Glycated hemoglobin (A1C) is a measure of long-term (2- to 3-month) glycemic control. Perform the A1C test at least two times a year in patients who are meeting treatment goals (and who have stable glycemic control) and quarterly in patients whose therapy has changed or who are not meeting glycemic goals.
Discrepancies between CBG monitoring results and A1C may indicate a hemoglobinopathy, hemolysis, or need for evaluation of CBG monitoring technique and equipment or initiation of more frequent CBG monitoring to identify when glycemic excursions are occurring and which facet of the diabetes regimen is changing.
In the correctional setting, policies and procedures need to be developed and implemented regarding CBG monitoring that address the following.
* Infection control
* Education of staff and patients
* Proper choice of meter
* Disposal of testing lancets
* Quality control programs
* Access to health services
* Size of the blood sample
* Patient performance skills
* Documentation and interpretation of test results
* Availability of test results for the health care provider
* In the correctional setting, policies and procedures need to be developed and implemented to enable CBG monitoring to occur at the frequency necessitated by the individual patient’s glycemic control and diabetes regimen. (E)
* A1C should be checked every 3-6 months. (E)
Self-management education is the cornerstone of treatment for all people with diabetes.

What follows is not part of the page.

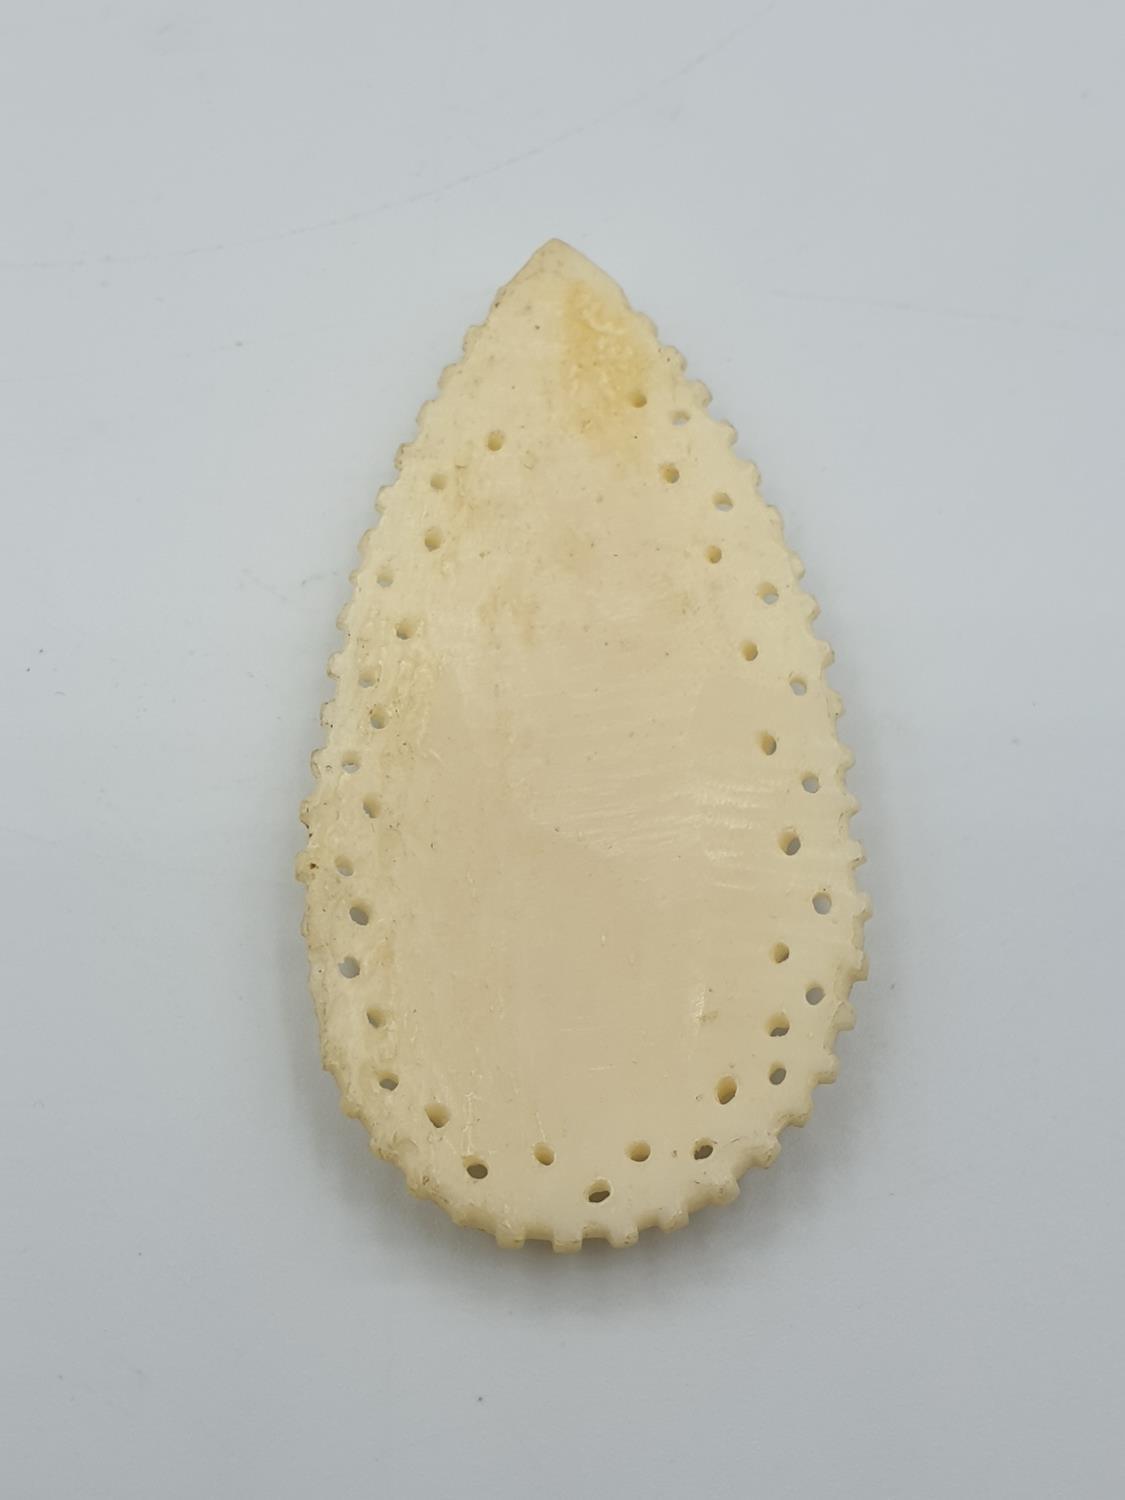 Ivory large pendant - Image 3 of 3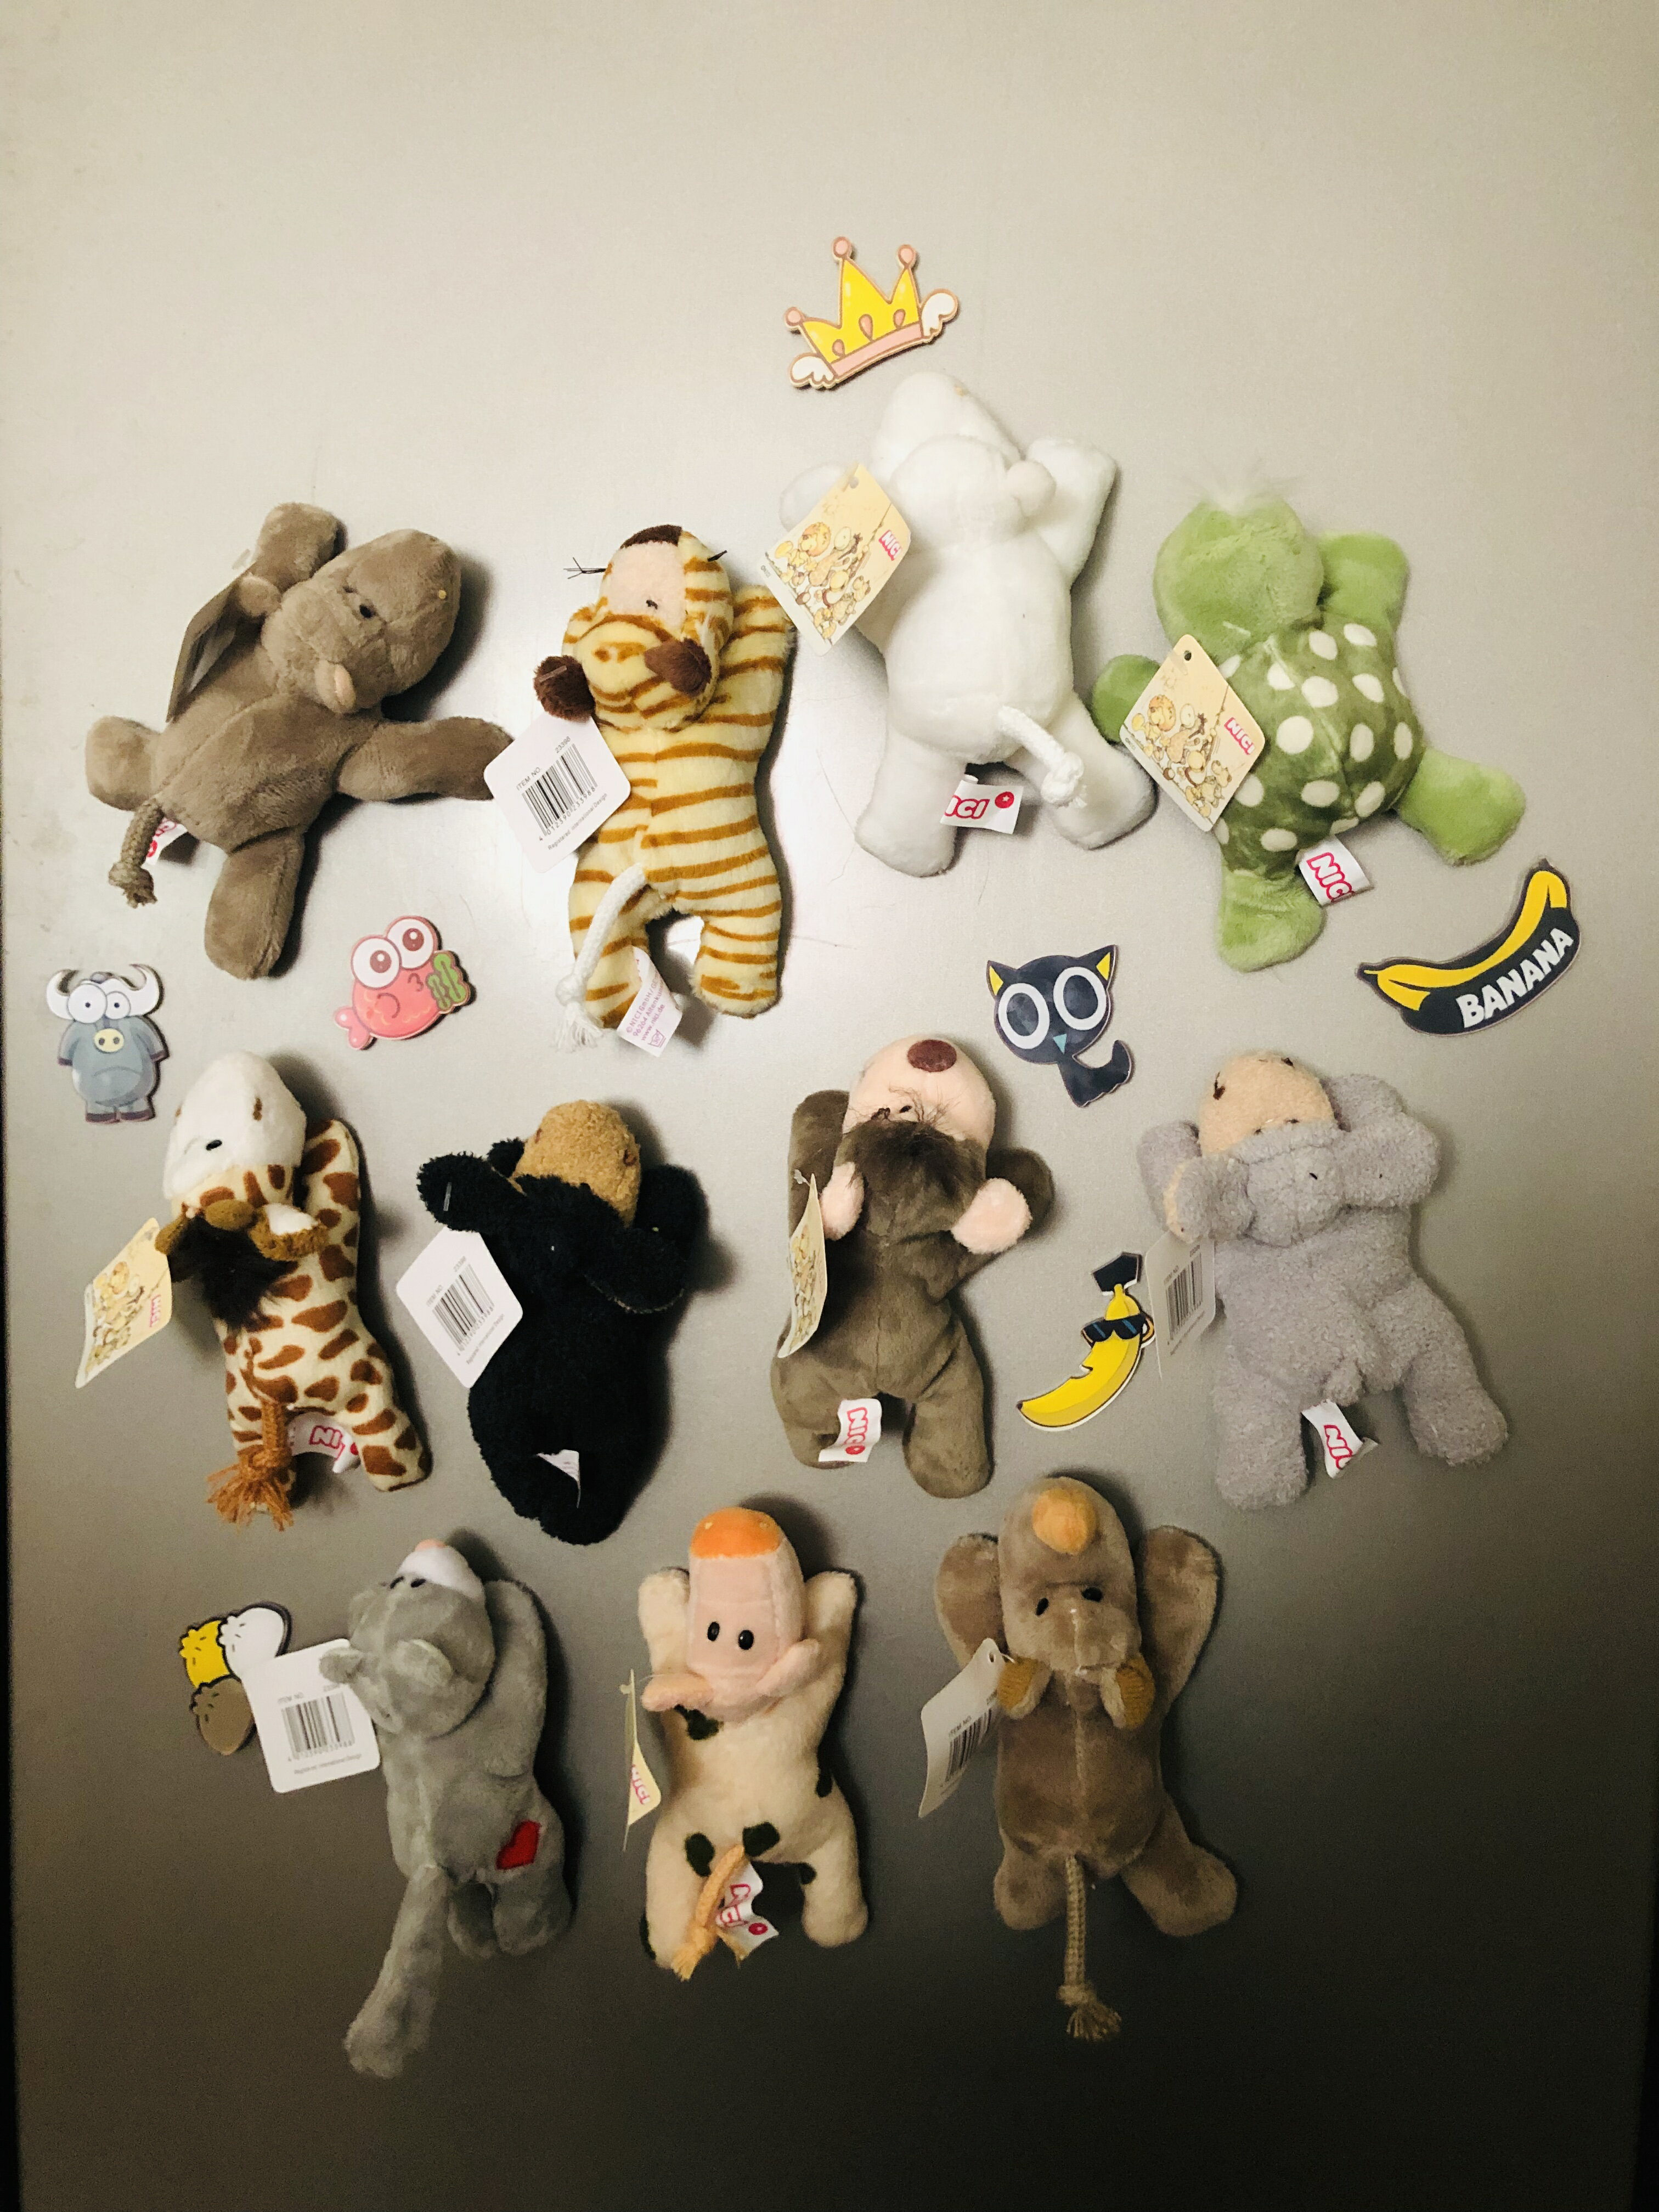 卡通毛絨玩具冰箱貼可愛動物冰箱磁貼創意時尚家居擺件冰箱貼磁貼

The health staff must advocate for patients to participate in self-management as much as possible. Individuals with diabetes who learn self-management skills and make lifestyle changes can more effectively manage their diabetes and avoid or delay complications associated with diabetes. In the development of a diabetes self-management education program in the correctional environment, the unique circumstances of the patient should be considered while still providing, to the greatest extent possible, the elements of the “National Standards for Diabetes Self-Management Education”. A staged approach may be used depending on the needs assessment and the length of incarceration. Table 2 sets out the major components of diabetes self-management education. Survival skills should be addressed as soon as possible; other aspects of education may be provided as part of an ongoing education program.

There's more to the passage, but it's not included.